Monitoring of the blast also confirmed acceptable vibration and noise,
demonstrating our commitment to safety and minimal community impact. This data
has been modelled and included as part of the EIS. The blasted rock also
provided an opportunity to collect another bulk sample for our continuing
metallurgical test work programme, with samples more closely representing
the actual run-of-mine blasted material.
The DFS identified approximately 3.6Mt of Inferred resource located within the
current pit designs, not currently included in the economic analysis. A
review of the block model and geology shows that some of this Inferred
mineralisation relates to a poorly defined lode structure located close to the
northwestern pit walls in both the north and south pits. If this lode
structure can be shown to be continuous and mineralised, it could add
significant additional resources that may allow the northwestern walls to be
pushed back, and the pits deepened. As a result, in December 2024, we
announced a 10,000m drilling programme to be undertaken in 2025 to convert the
in-pit Inferred resource to Indicated and Measured status, which should
translate to additional ore reserves and ultimately a longer life of mine.
The drilling programme will also test several other potential lode structures,
both within and external to the current pit design, that are also interpreted
based on soil sampling and/or very broad spaced drill intercepts. These
targets could also add additional resources, significantly increasing the
project's mine life.
As of 12(th) September 2025, a total 5,111m of RC drilling has been completed
in 69 drill-holes as part of the resource drilling programme, for which assay
results have been received for 19 holes, including:
· TMTARC044 23m @ 0.13% Sn from 30m including 12m @ 0.17%
Sn from 36m
· TMTARC045 10m @ 0.06% Sn from 17m including 2m @ 0.14%
Sn from 17m
· TMTARC047 17m @ 0.13% Sn from 43m including 5m @ 0.20%
Sn from 43m
· TMTARC048 17m @ 0.13% Sn from 0m including 6m @ 0.16%
Sn from 2m
· TMTARC046 8m @ 0.13% Sn from 24m
· TMTARC049 13m @ 0.19% Sn from 8m including 4m @ 0.35%
Sn from 14m
· TMTARC050 14m @ 0.06% Sn from 32m
· TMTARC051 9m @ 0.13% Sn from 0m followed by 7m @ 0.14%
Sn from 40m
· TMTARC053 62m @ 0.10% Sn from 6m including 12m @ 0.14%
Sn from 35m
· TMTARC054 19m @ 0.12% Sn from 54m including 6m @ 0.18%
Sn from 58m
· TMTARC055 71m @ 0.09% Sn from 0m including 9m @ 0.15%
Sn from 11m
· TMTARC056 20m @ 0.12% Sn from 0m followed by 3m @ 0.32%
Sn from 33m
· TMTARC058 13m @ 0.13% Sn from 0m including 8m @ 0.17%
Sn from 0m
· TMTARC059 76m @ 0.08% Sn from 20m including 17m @ 0.11%
Sn from 20m
· TMTARC060 25m @ 0.13% Sn from 54m including 10m @ 0.21%
Sn from 61m
· TMTARC061 21m @ 0.07% Sn from 0m followed by 15m @
0.11% Sn from 65m
These results are validating our interpretation that additional mineralisation
exists within and adjacent to the current pit outlines.
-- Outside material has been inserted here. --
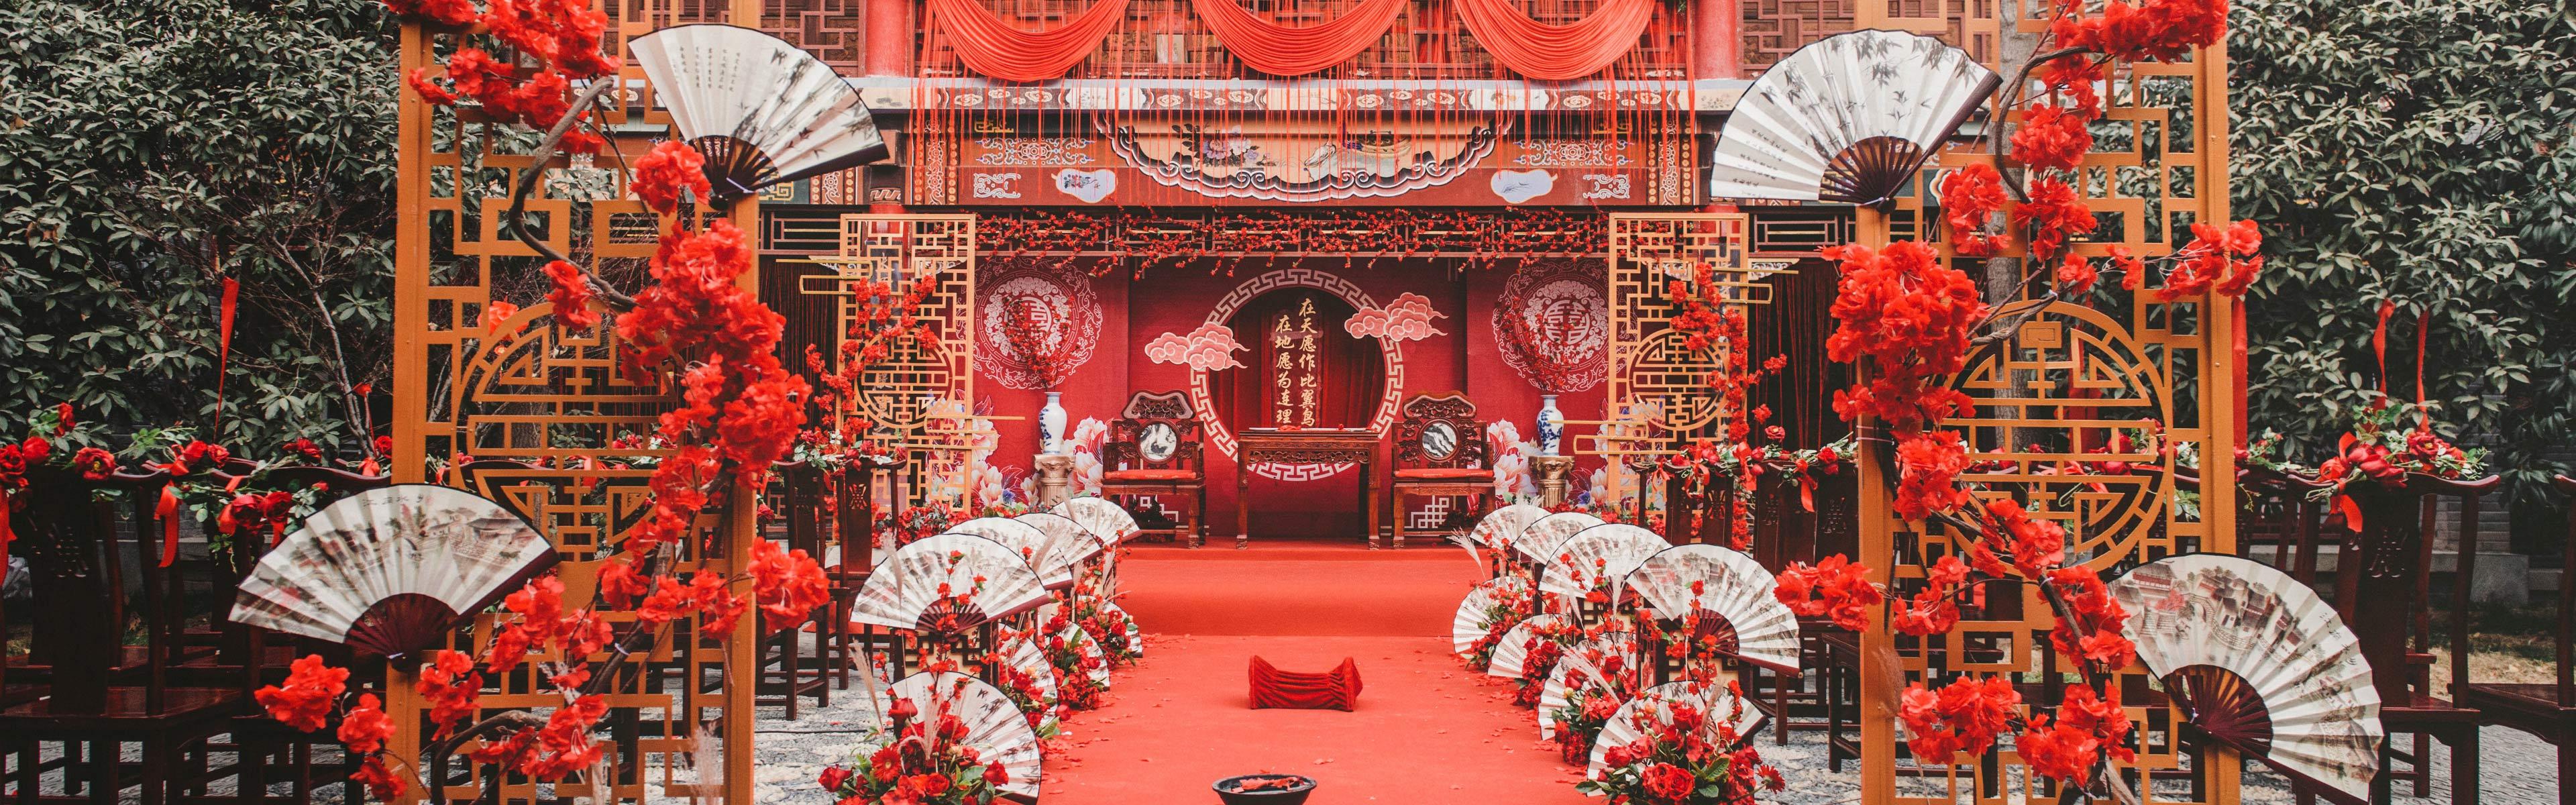 兴宁婚庆策划案例:最美婚礼 第9期 | 河南 郑州

The grades and widths
intercepted are consistent with existing quantified resources and are expected
to result in additional resources being added within the current pit outlines,
including converting current Inferred Resources to Indicated status.
Outcropping along a ridge, with low pre-stripping and a life of mine strip
ratio of 1:1, Taronga is already planned as a low-risk, low-cost mine. The
broad zones of mineralisation intersected in the current programme are likely
to result in conversion of areas of waste rock within the current pit outlines
to ore. This will have the added effect of reducing the strip ratio.
Taronga is a large-scale deposit with 138,000 tonnes of contained tin.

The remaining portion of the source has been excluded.